We have collaborated with two other FET initiatives to produce the Virtual Human Twin (VDT) manifesto initiated by the EC and to work on the roadmap for VDT. With MedTech Europe, DIGIPREDICT organised a special session at the 2023 Annual Congress and is preparing the "First International Symposium on Digital Twins in Healthcare" to be held in Larnaca, Cyprus, in May 2024. We published five papers in conference proceedings, updated the exploitation plan, created a dedicated community building section on the website and co-organised the first inter-project event. Overall, DIGIPREDICT has achieved important milestones in the areas of clinical investigations, data integration, biomarker discovery, MEMS device design, algorithm development and dissemination, advancing the use of Digital Twins in health technology.
The development of new models accurately representing patient-specific (patho)physiology to enable early detection and predicting infectious viral diseases and their cardiovascular effects is considered progress beyond the state of the art. Examples include the machine learning algorithm for analysing irregularly sampled time series in electronic medical records, a custom algorithm for estimating respiratory rate, and a technique for reducing data collection called Polygonal Approximation Sampler (PAS).

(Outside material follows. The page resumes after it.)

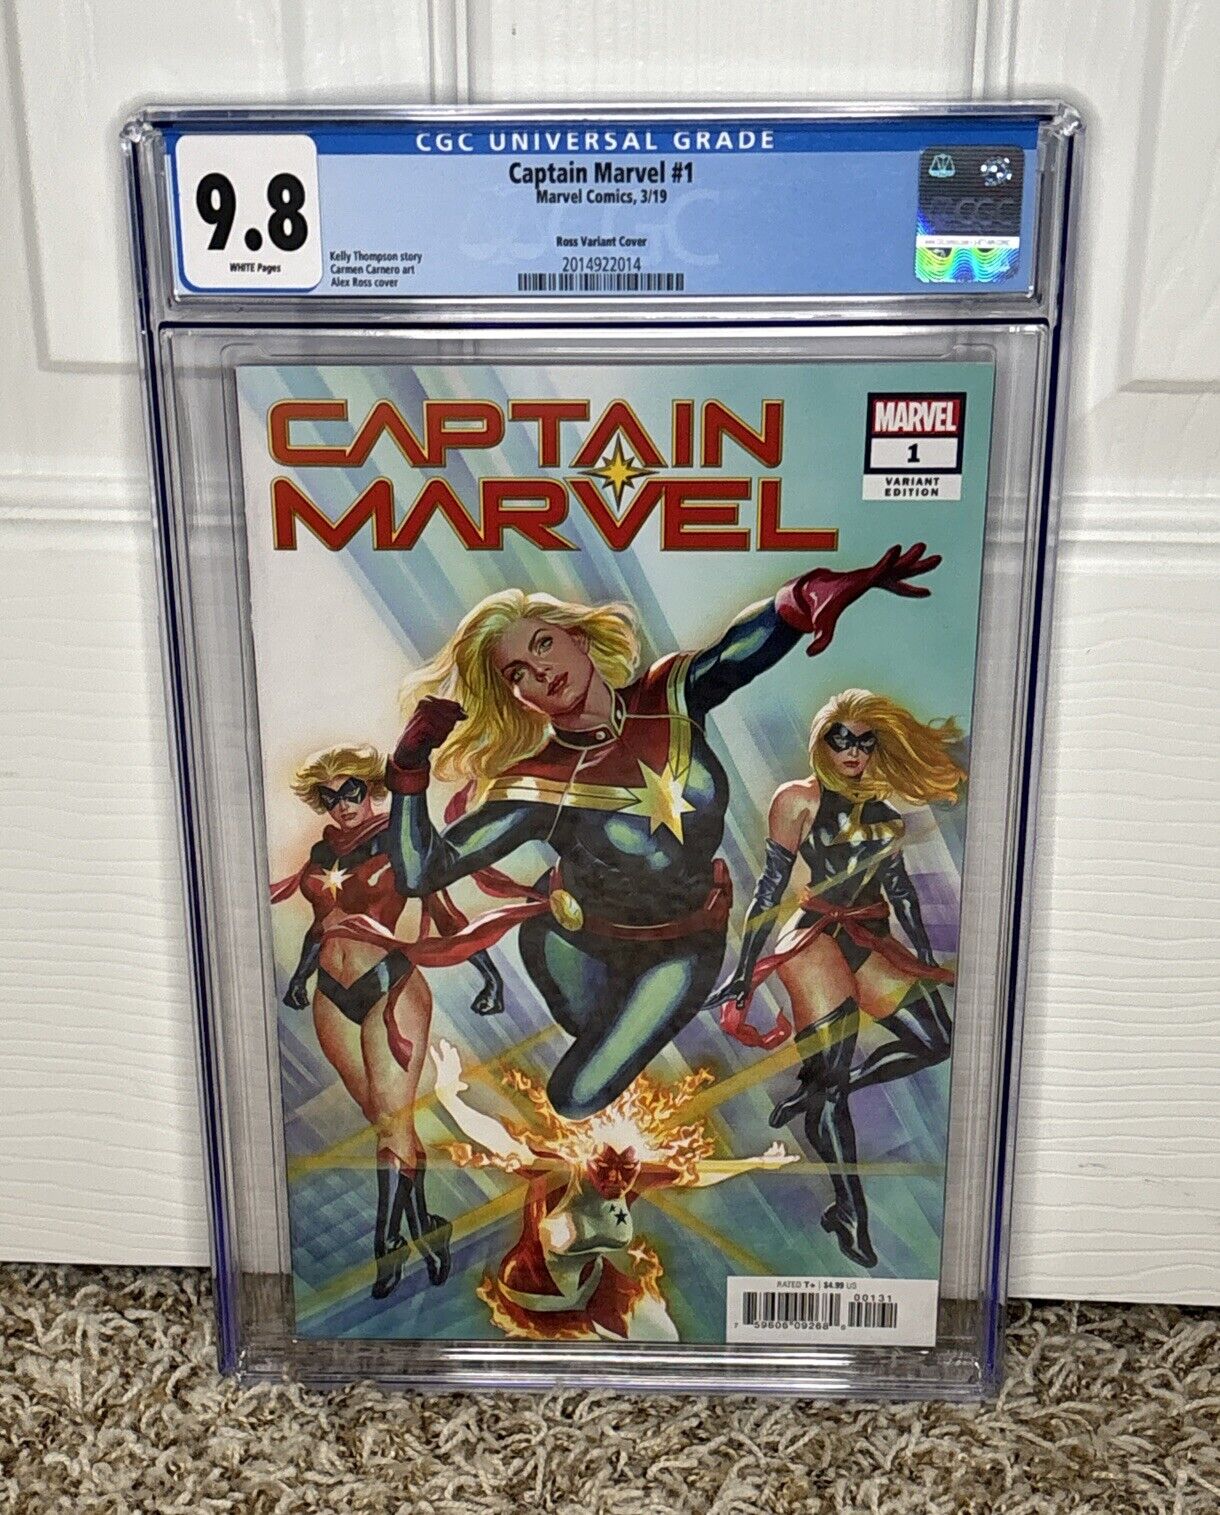 Captain Marvel #1 * rare 1:50 Alex Ross variant cover * graded CGC 9.8 * 2019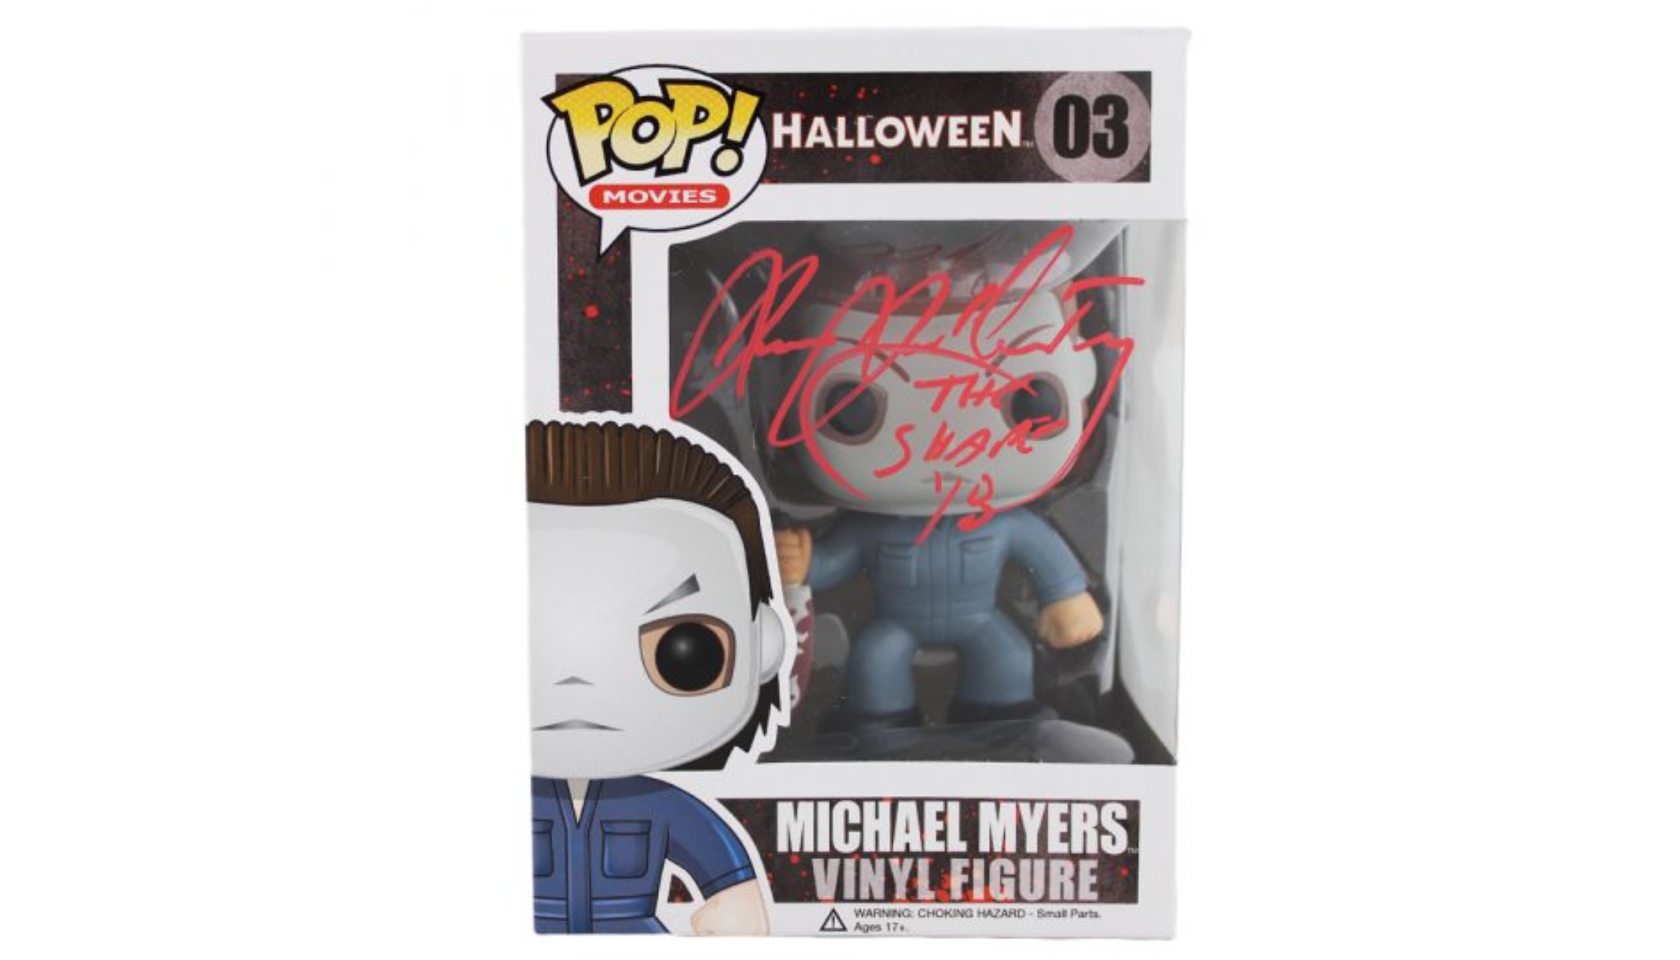 James Jude Courtney “Michael Myers” Signed “Halloween” Model #03

DIGIPREDICT develops unique multimodal data generator wearable technologies to support the construction and acquisition of digital twin models validated by both in vitro and in vivo methods. Examples of advances beyond the state of the art include the highly miniaturised wireless Physio Patch, the first validations of lactate and CRP sensors in ISF, and regulatory advances with the ISF Extractor.
DIGIPREDICT aims to advance physical vascular organ-on-chip (OoC) technologies beyond their current design to facilitate the realisation of the aforementioned goals. In the project so far, significant progress was made in all three areas and their interactions. Examples are the development of the Translational Organ-on-Chip (TOP) platform with a multi-electrode array (MEA) chip and a 3D vessel-on-chip with endothelial cells derived from human induced pluripotent stem cells.